How to solve double spending problem using peer to peer network
- A purely peer-to-peer version of electronic cash would allow online payments to be sent directly from one party to another without going through a financial institution.
- Digital signatures provide part of the solution, but the main benefits are lost if a trusted third party is still required to prevent double-spending.
- We can solve the double-spending problem using a peer-to-peer network. The network timestamps transactions by hashing them into an ongoing chain of hash-based proof-of-work, forming a record that cannot be changed without redoing the proof-of-work.
- The longest chain not only serves as proof of the sequence of events witnessed, but proof that it came from the largest pool of CPU power.

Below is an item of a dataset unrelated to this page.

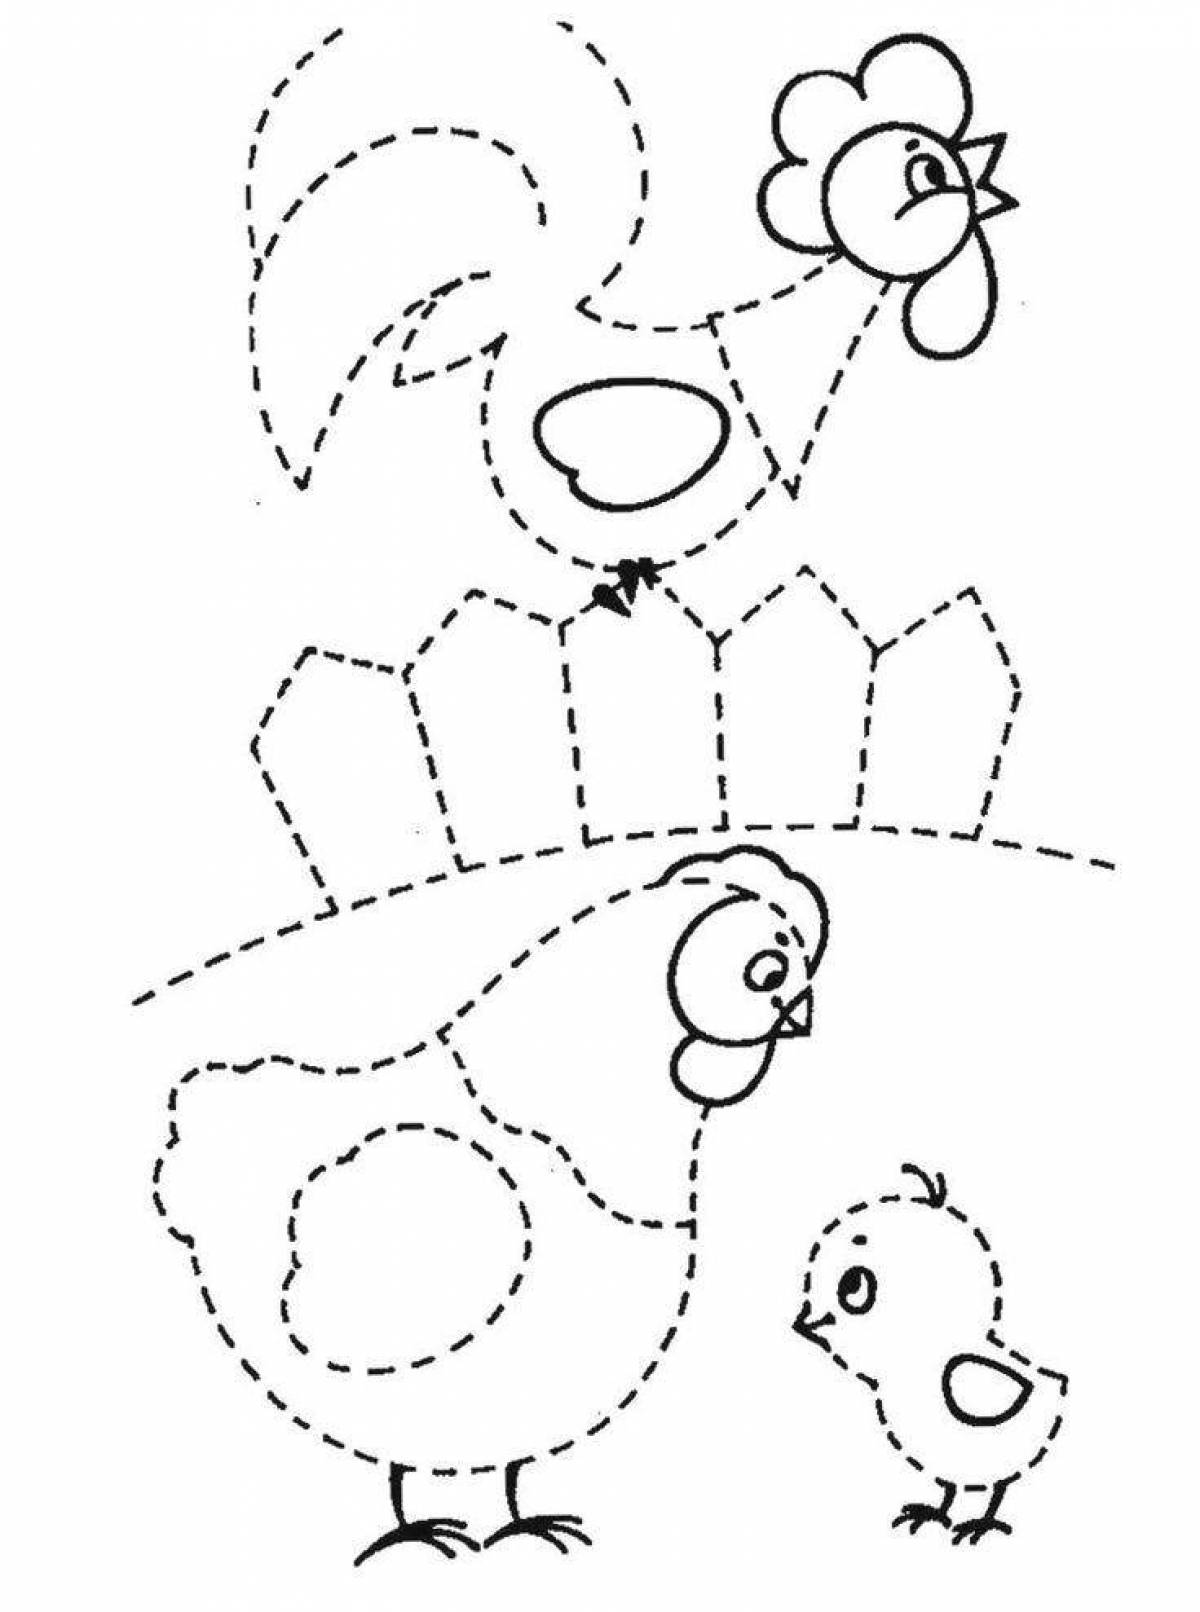 Fun dotted coloring book for preschoolers

As long as a majority of CPU power is controlled by nodes that are not cooperating to attack the network, they’ll generate the longest chain and outpace attackers.
- Messages are broadcast on a best effort basis, and nodes can leave and rejoin the network at will, accepting the longest proof-of-work chain as proof of what happened while they were gone.
Problem that we are trying to solve
- Commerce on the Internet has come to rely almost exclusively on financial institutions serving as trusted third parties to process electronic payments. While the system works well enough for most transactions, it still suffers from the inherent weaknesses of the trust based model.
- Completely non-reversible transactions are not really possible, since financial institutions cannot avoid mediating disputes.
- Merchants must be wary of their customers, hassling them for more information than they would otherwise need.
- These costs and payment uncertainties can be avoided in person by using physical currency, but no mechanism exists to make payments over a communications channel without a trusted party
The need of a new electronic payment system
- An electronic payment system based on cryptographic proof instead of trust allowing any two willing parties to transact directly with each other without the need for a trusted third party is needed.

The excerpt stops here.